2.3. In Vitro Antioxidant Activity of SBP-III-3

2.3.1. HO• Scavenging Activity

HO• is a highly reactive radical to the organism because it can destroy virtually all types of macromolecules including carbohydrates, nucleic acids (mutations), lipids (lipid peroxidation), and amino acids (e.g., conversion of Phe to m-Tyrosine and o-Tyrosine). As shown in Figure 2A, the HO• scavenging rate of SBP-III-3 showed a dose-response relationship, and the EC50 of SBP-III-3 was 0.867 mg/mL, which was lower than those of Pro–Ser–Tyr–Val (PSYV) (2.64 mg/mL) [18], Pro–Ser–Lys–Tyr–Glu–Pro–Phe–Val (PSKYEPFV) (2.86 mg/mL) [19], Pro–Tyr–Ser–Phe–Lys (PYSFK) (2.283 mg/mL), Gly–Phe–Gly–Pro–Leu (GFGPL) (1.612 mg/mL), Val–Gly–Gly–Arg–Pro (VGGRP) (2.055 mg/mL) [20], Phe–Ile–Met–Gly–Pro–Tyr (FIMGPY) (3.037 mg/mL), Gly–Pro–Ala–Gly–Asp–Tyr (GPAGDY) (3.92 mg/mL), and Ile–Val–Ala–Gly–Pro–Gln (IVAGPQ) (5.03 mg/mL) [10] from protein hydrolysates of weatherfish loach muscle, grass carp muscle and skin, and skate cartilages. SBP-III-3 showed good HO• scavenging activity, which demonstrated that it could serve as a scavenger for reducing the damage induced by HO• in biological systems.

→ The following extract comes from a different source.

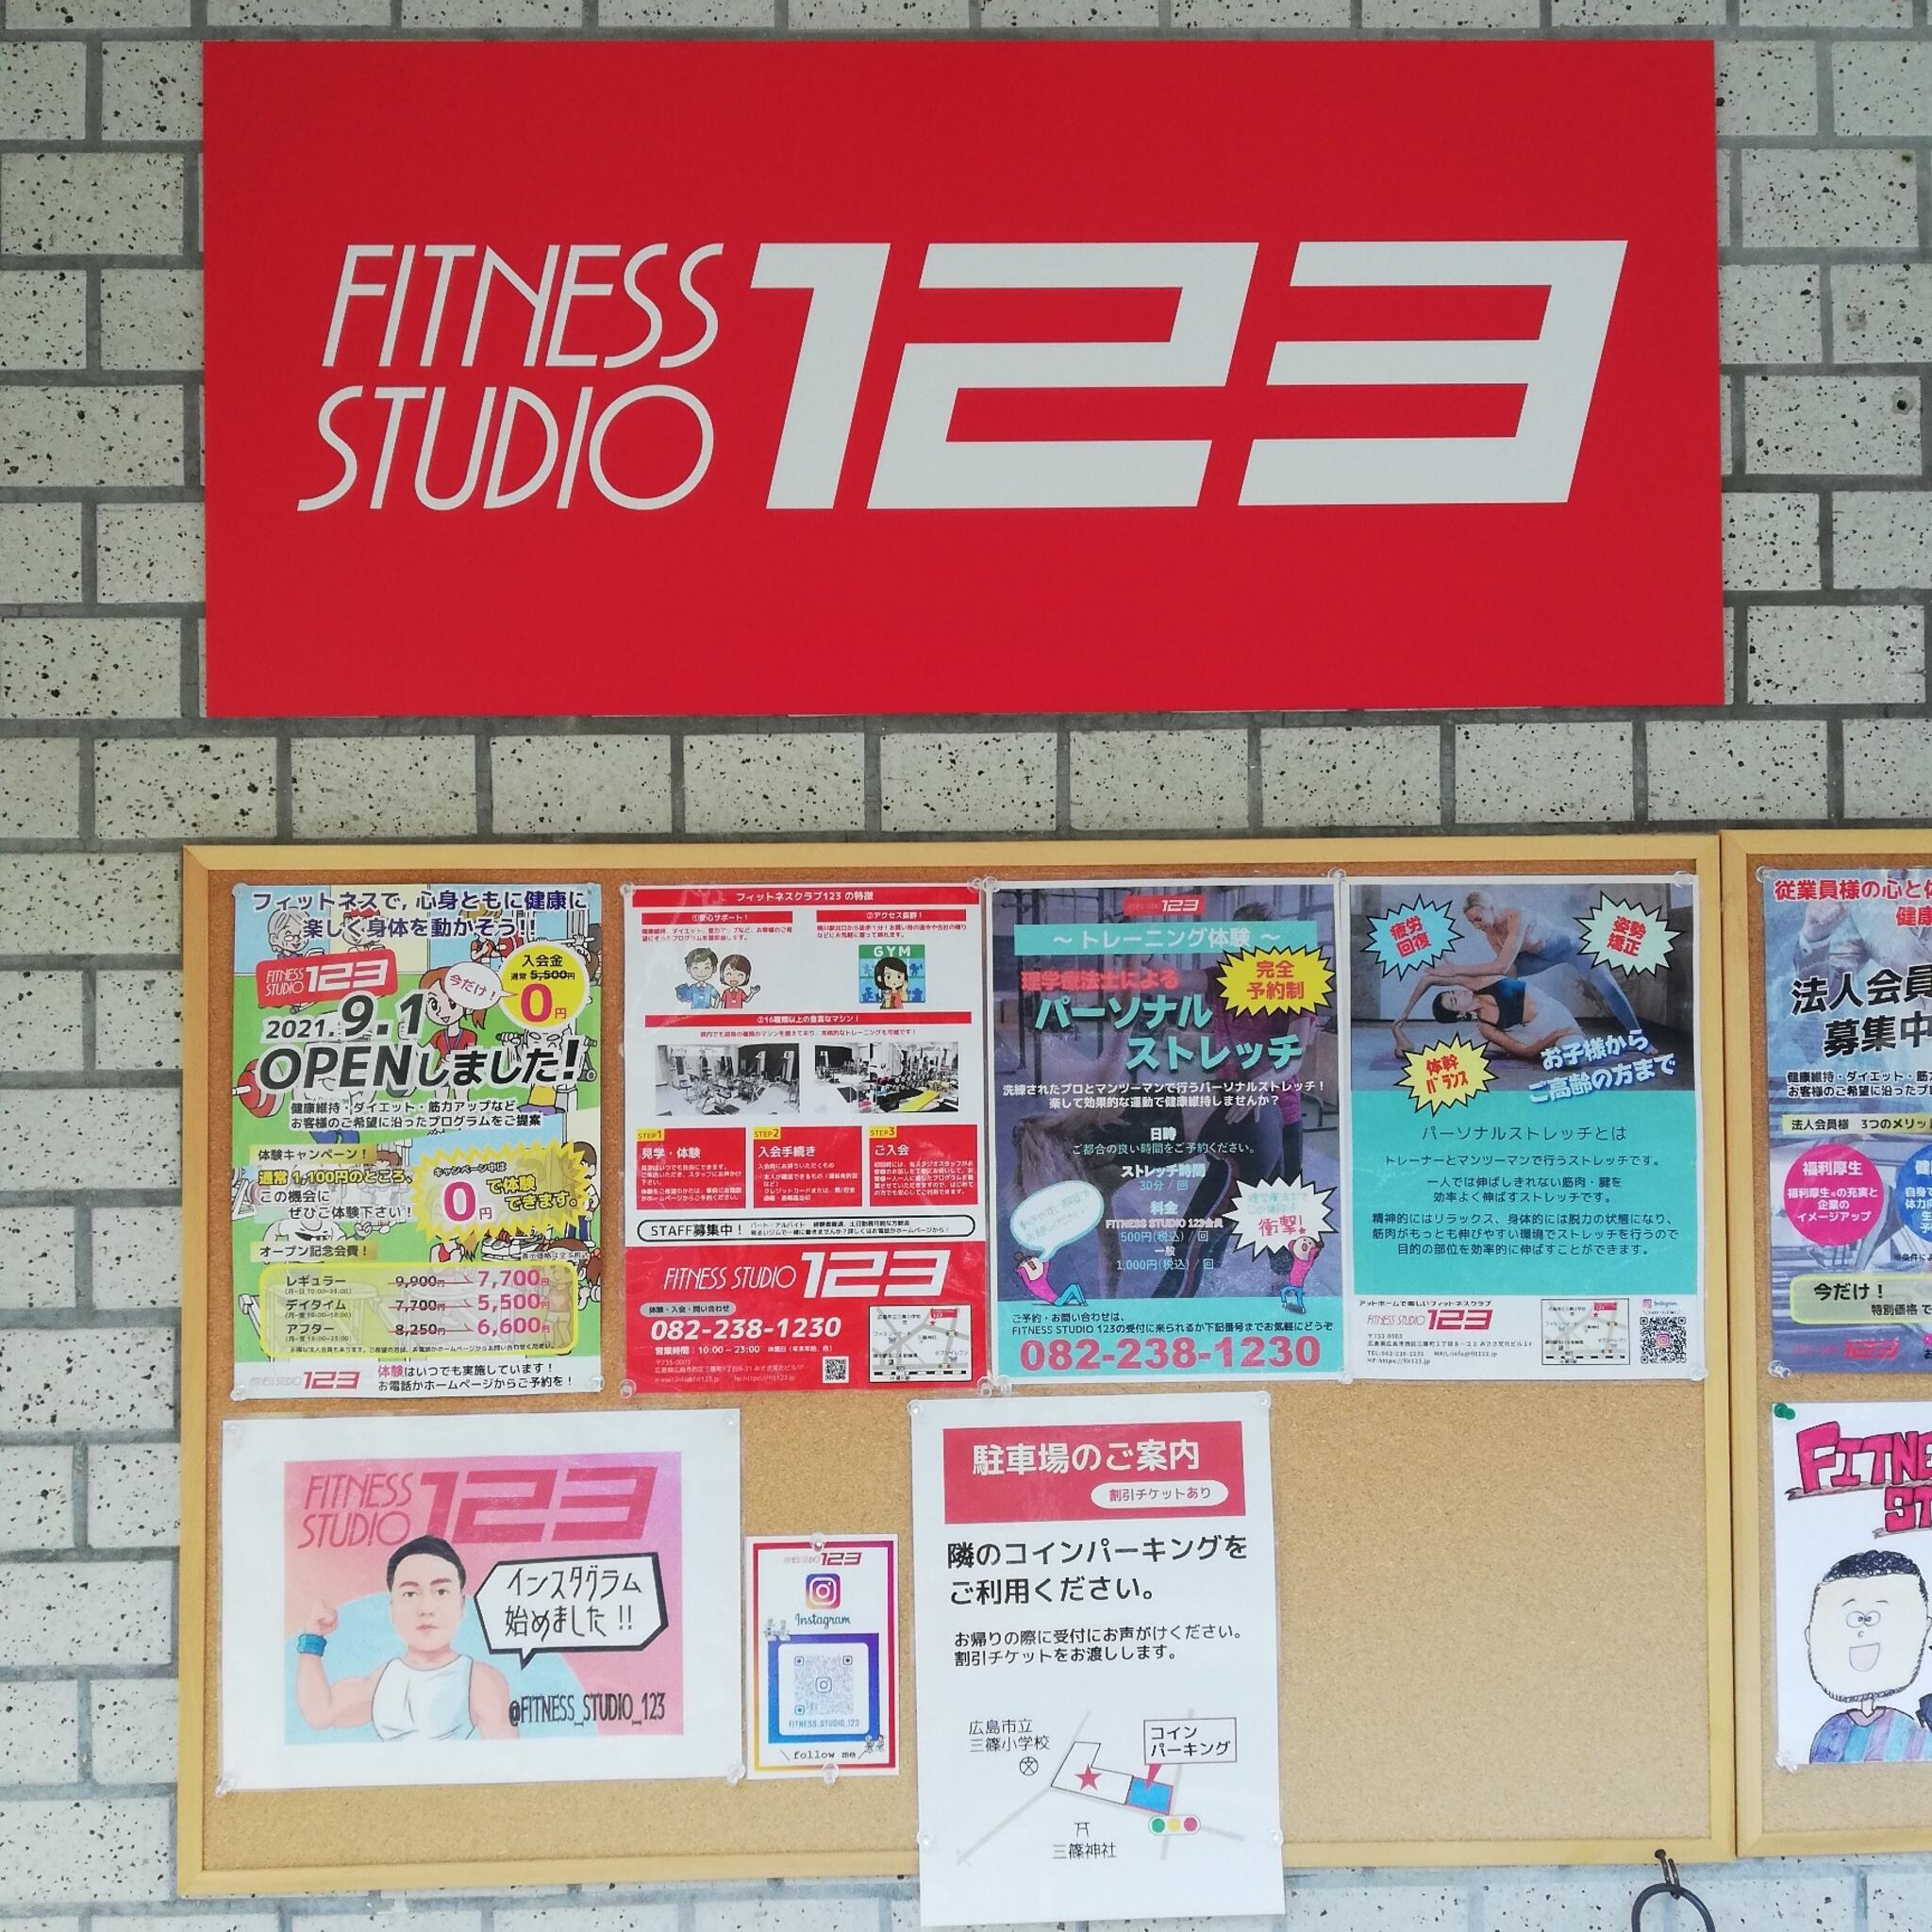 FITNESS STUDIO 123 広島横川店の代表写真10

2.3.2. DPPH• Scavenging Activity

DPPH• scavenging assay is popular and efficient in predicting the antioxidant activities of protein hydrolysates and peptides. It has a deep violet colour in solution and generates a strong absorption band at about 517 nm. The solution becomes colourless or pale yellow following the reduction of the absorption value at 517 nm when the radicals are neutralized [21]. Therefore, DPPH• scavenging activity of SBP-III-3 was measured and shown in Figure 2B. SBP-III-3 scavenged DPPH• in a concentration-effect manner with EC50 of 0.895 mg/mL, but its activity was lower than the positive control of ascorbic acid. In addition, the EC50 of SBP-III-3 was lower than those of PSYV (17.0 mg/mL) [18], Phe–Leu–Asn–Glu–Phe–Leu–His–Val (FLNEFLHV) (4.950 mg/mL) [22], Thr–Thr–Ala–Asn–Ile–Glu–Asp–Arg–Arg (TTANIEDRR) (2.503 mg/mL) [23], FIMGPY (2.60 mg/mL), GPAGDY (3.48 mg/mL) and IVAGPQ (3.93 mg/mL) [10], PYSFK (1.575 mg/mL) [20], and Leu–Leu–Pro–Phe (LLPF) (1.084 mg/mL) [24] from hydrolysates of loach, blue mussel, bluefin leatherjacket, salmon pectoral fin, skate cartilage, grass carp skin, and corn gluten meal, but it was higher than those of Gly–Ser–Gln (GSQ) (0.61 mg/mL) [25], Pro–Ile–Ile–Val–Tyr–Trp–Lys (PIIVYWK) (0.713 mg/mL) [20], His–Phe–Gly–Asp–Pro–Phe–His (HFGBPFH) (0.20 mg/mL) [26], Phe–Leu–Pro–Phe (FLPF) (0.789 mg/mL), and Leu–Pro–Phe (LPF) (0.777 mg/mL) [24] from protein hydrolysates of Chinese leek, blue mussel, grass carp skin, mussel sauce and corn gluten meal. Therefore, these results indicated that SBP-III-3 had the strong ability to donate an electron or hydrogen radical for inhibiting the DPPH• reaction.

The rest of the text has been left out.